Like the binding on an old book, the glue that holds our lives together can also sometimes become cracked and brittle. Yet food — familiar food, home food, foods that we remember and pass on to our children, foods that we love and which make us feel good and warm and happy and replete — can help to keep the separate pages and days and years of our lives in a certain semblance of order and continuity and satisfaction. Taste and taste memories, as Proust demonstrated, are powerful movers in their capacity to transport us immediately and comprehensively back through time and place to a particular moment, forever deep-frozen and preserved within our minds.
What hope, then, for a generation today whose childhood taste memories will only be of processed foods, cook-chilled ready-prepared meals, pot noodles, chicken nuggets, tomato ketchup, chips and burgers and deep-frozen pizza?
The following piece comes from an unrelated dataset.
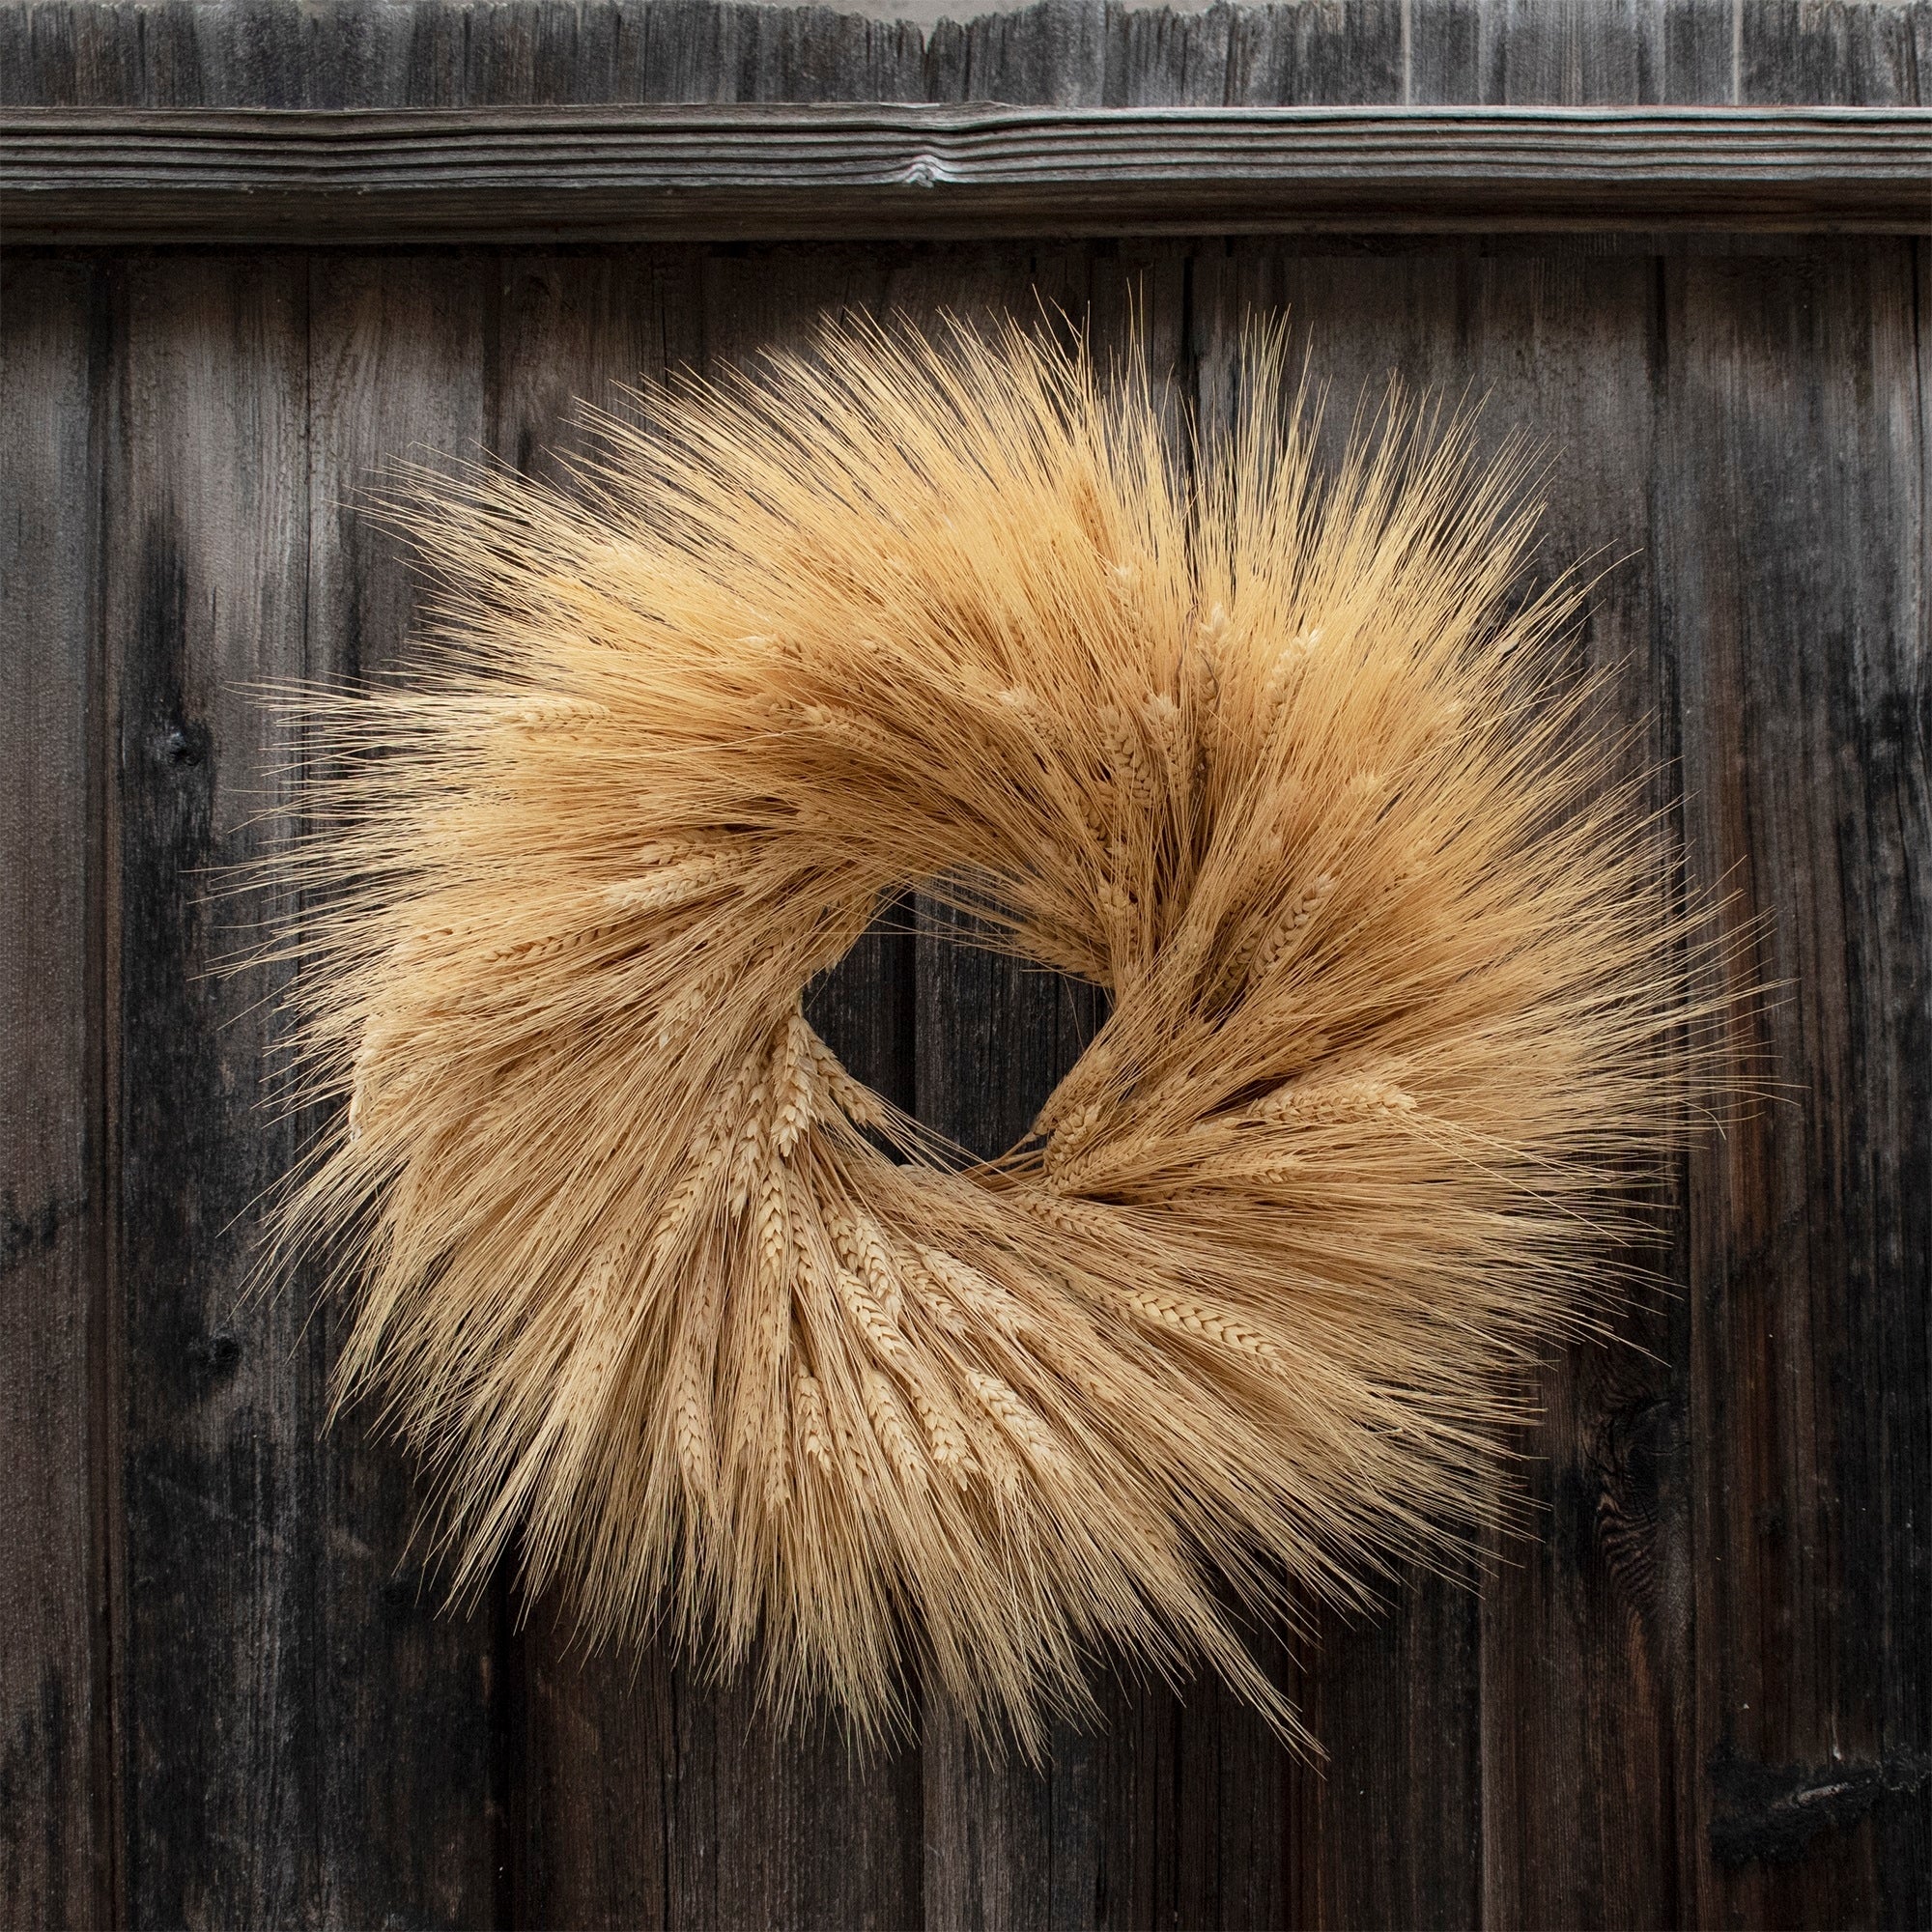 Dried Wheat Wreath 18"

What hope indeed?
Some simple resolutions for 2002: to buy an angel food cake tin; to try and recreate mom’s stuffed cabbage rolls (with Campbell’s condensed tomato soup); to cook pot roast more often; and to bake ginger snaps with Bella every Sunday. We can but try.
For the joy of cooking: it comes, I realise, not from the pages of any book but from passing on our love — of food, of life — through the foods that we prepare and share with our families, our children, our friends.